Cuando murió Gabriel, leí y escuché que la parte más difícil del duelo solía durar un año. Me explicaron que correspondía a todas las primeras veces. La primera semana sin él, el primer mes, la primera Navidad,etc… hasta llegar al primer aniversario de su muerte.
Llevaba pocas semanas sin mi hijo, y para mi era imposible pensar que este dolor iba a durar un año entero. ¿Cómo iba a sobrevivir 12 meses con un dolor tan violento, si no podía ni respirar? Necesitaba mejorar ya, y pensé que para mí, todo tenía que ser más rápido. Mi instinto de supervivencia me decía que no podía aguantar tanto dolor durante tanto tiempo.
Han pasado 12 meses y 19 días desde mi ILE, y al mirar atrás, veo el camino que he recorrido.
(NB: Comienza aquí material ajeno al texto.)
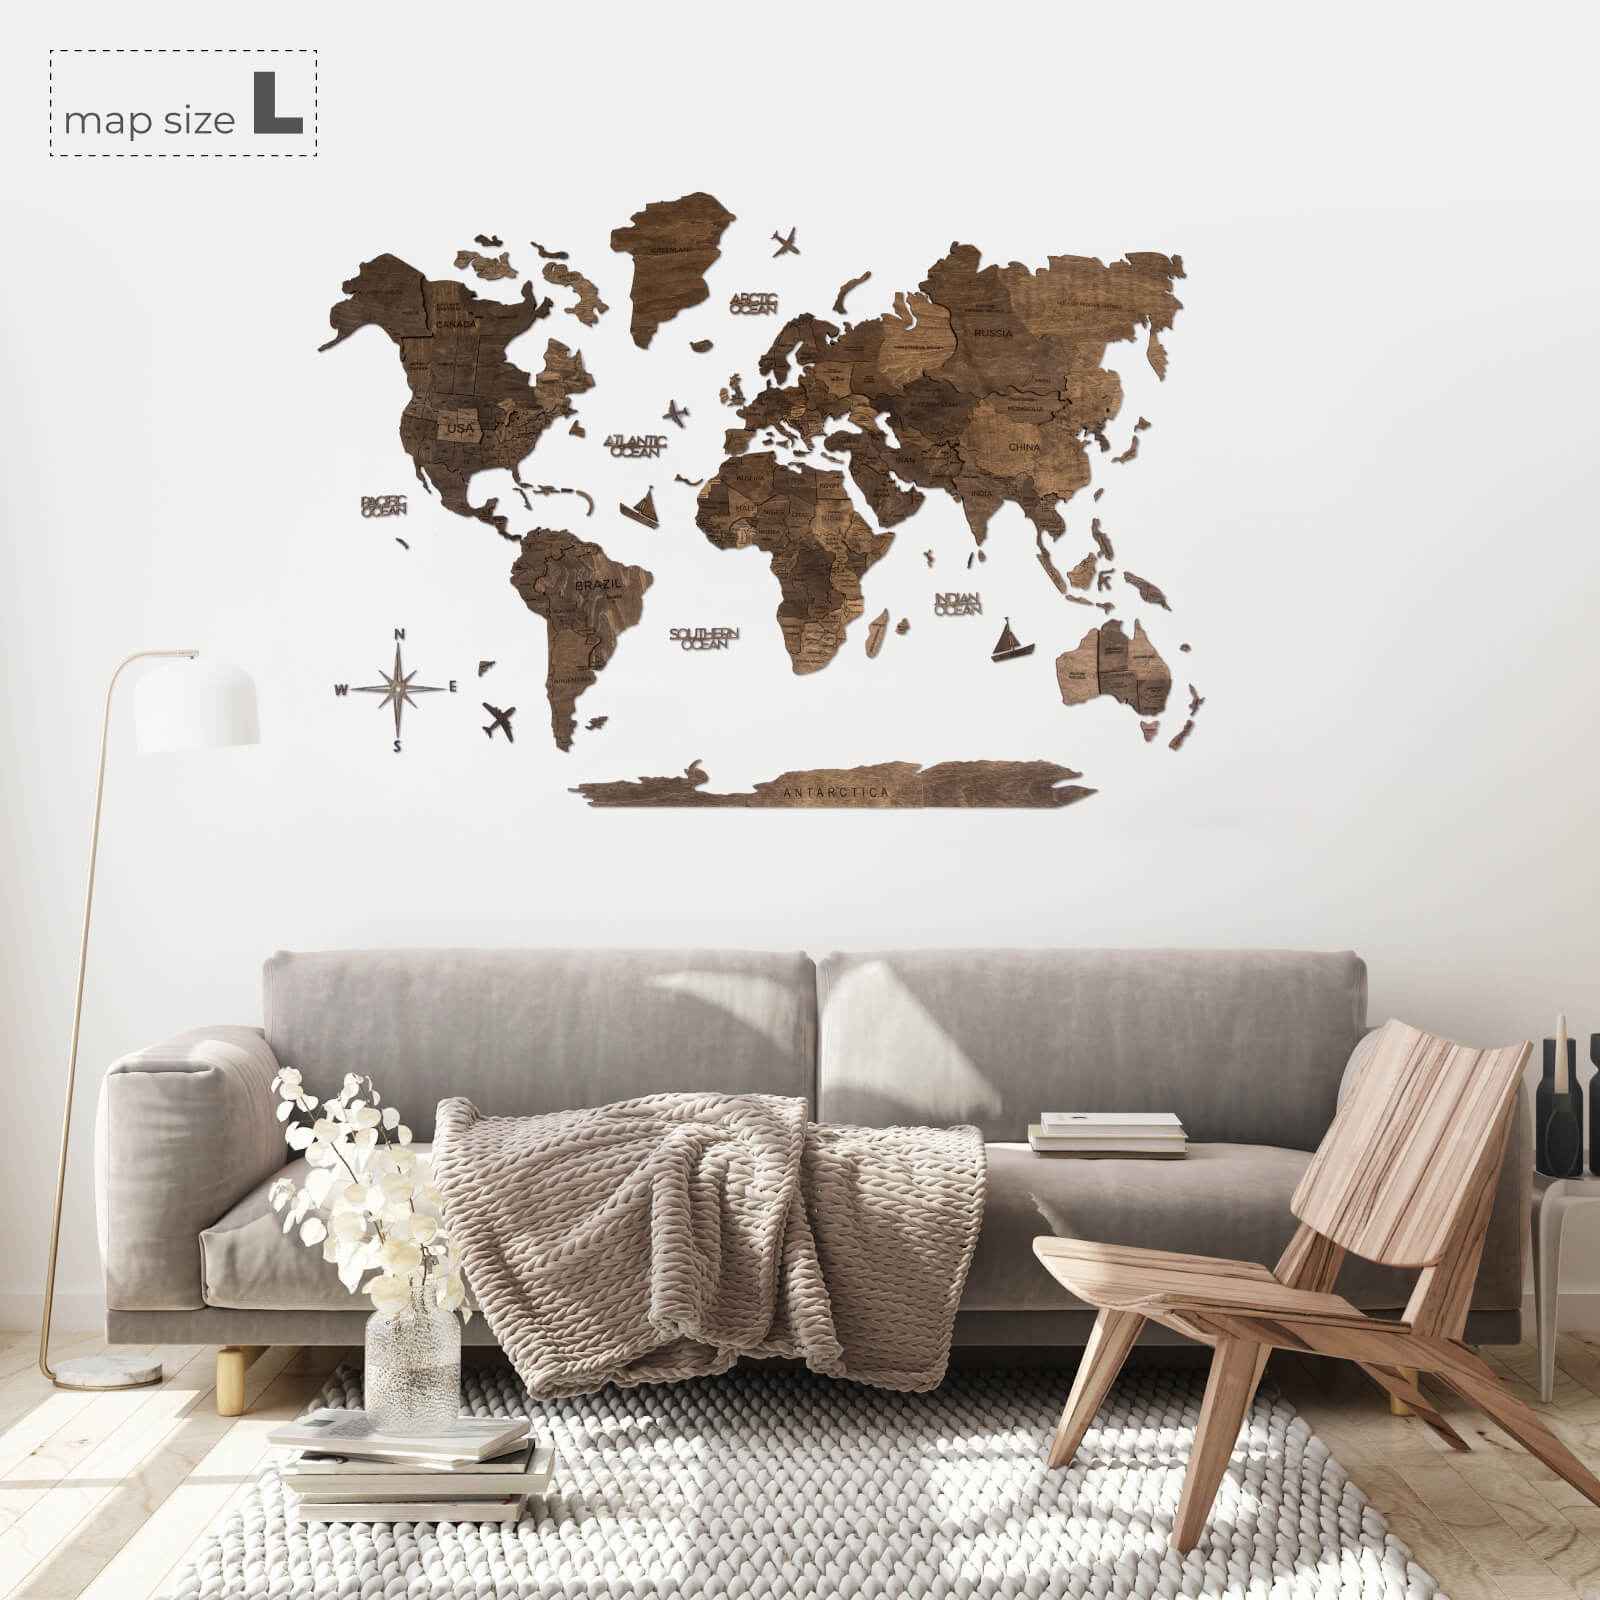 Wood Wall Art, World Map Push Pin, Wooden Wall Map, Home Wall Decor Bedroom
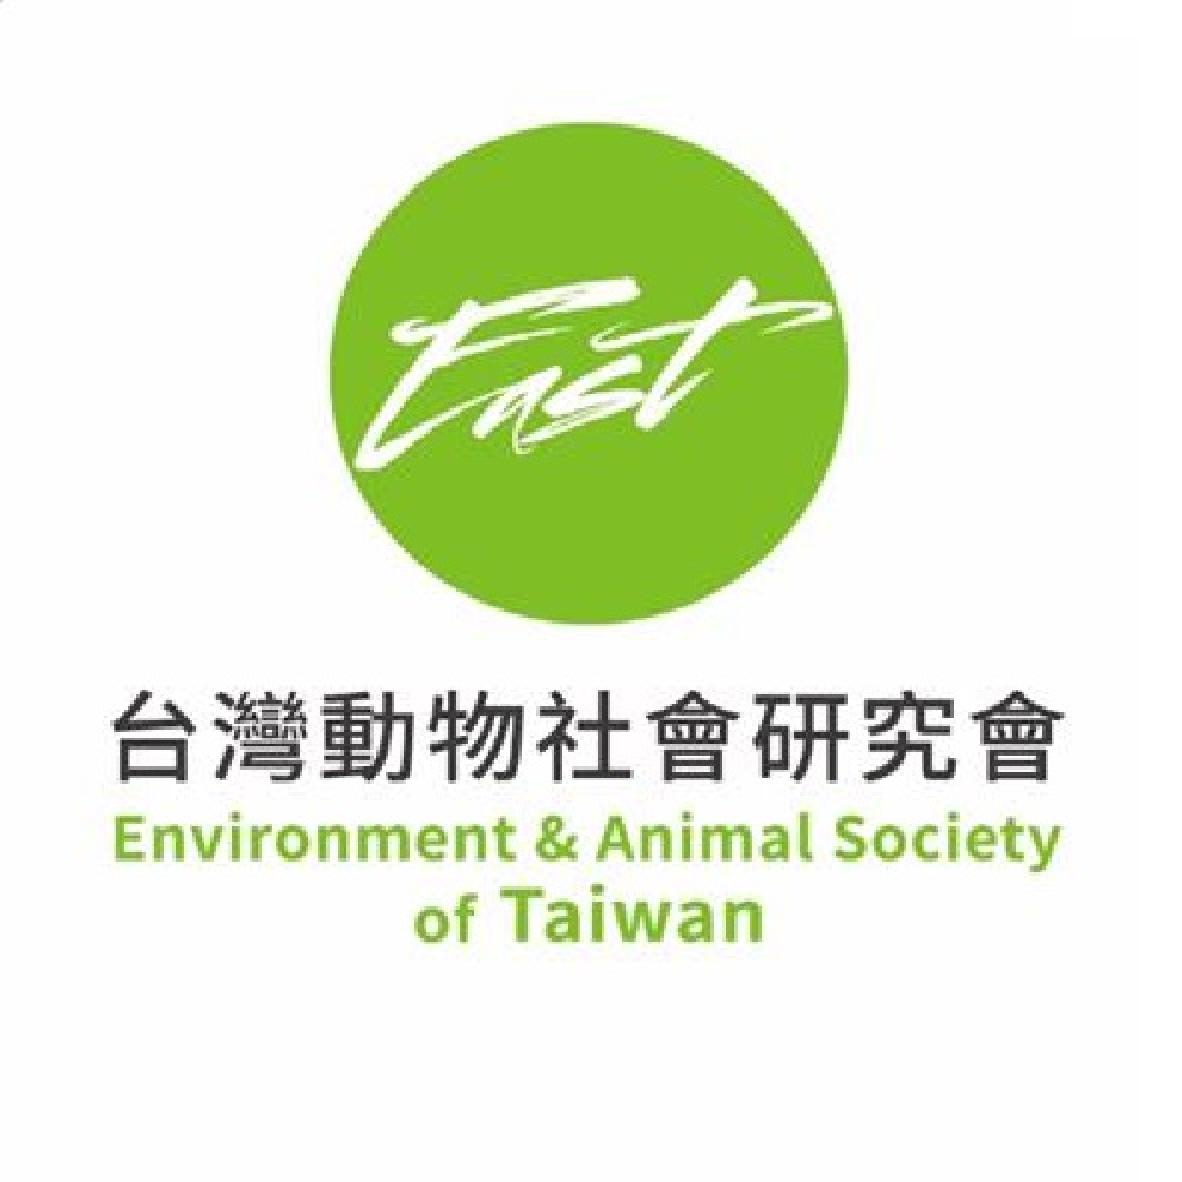 East 台灣動物社會研究會 Enviornment & Animal Society of Taiwan 及圖

Si hay una cosa que he aprendido hasta ahora, es que las fechas duelen.
El primer mes sin él pareció durar años, y cada segundo, cada respiración me dolía como el primer día. Pero es cierto que el tercer, cuarto y quinto mes fueron algo distintos. Cada día 18 me seguía doliendo y me llevaba siempre a lo que debería haber sido, pero cada vez, conseguía pensar en Gabriel con más amor, más paz y menos dolor. No fue algo obvio, ni algo que veía en mi día a día. No me desperté ningún día pensando “hoy me duele menos”. Pero tras cinco meses de duelo, mirando hacia atrás, pude ver lo mucho que había avanzado.
La primera Navidad

Ese Diciembre de 2022, pasé la primera Navidad sin mi bebé. Fue de lejos lo que más me dolió desde que había muerto mi hijo. Habían pasado cinco meses de nuestra despedida, y había notado alguna mejora. La Navidad fue una recaída brutal, violenta e inesperada.
Al acercarse las fechas de celebración, me dí cuenta, brutalmente, que no tenía nada que celebrar. Hubiera tenido que estar a punto de parir, y yo solo veía mi barriga y mis brazos vacíos. La habitación de Gabriel hubiera tenido que estar preparada para su llegada, pero allí seguía mi despacho, triste y sin decorar. En casa, hubiera tenido que haber un árbol lleno de luces y esperando los regalos de la familia para nuestro pequeño. Pero solo había una casa vacía.
Por todas partes, veía familias felices, niños ilusionados esperando a Papá Noël, padres atareados preparando cenas y comidas, comprando los últimos regalos para que todo fuera perfecto. Veía como la vida de todos seguía, mientras la mía se había parado. Veía muchas luces alrededor, y yo bloqueada en la oscuridad. Sentía que me habían robado lo que me tocaba. Pero sobre todo, me sentí sola.
Mis familiares decidieron que la comida de Navidad se haría en mi casa, y no tuve fuerzas para decir que no. Preparé la mesa, la comida. Me puse un vestido y una sonrisa. Estaba rota por dentro. Yo sólo pensaba en mi bebé, en el amor de mi vida. Tenía ganas de encerrarme en la habitación, abrir mi caja de recuerdos, coger sus cosas y llorar hasta no poder. Aguante toda la comida, aún no se como.
Nadie mencionó a Gabriel.
Como si no hubiera existido.
Como si no tuviera hijo, como si no fuera madre.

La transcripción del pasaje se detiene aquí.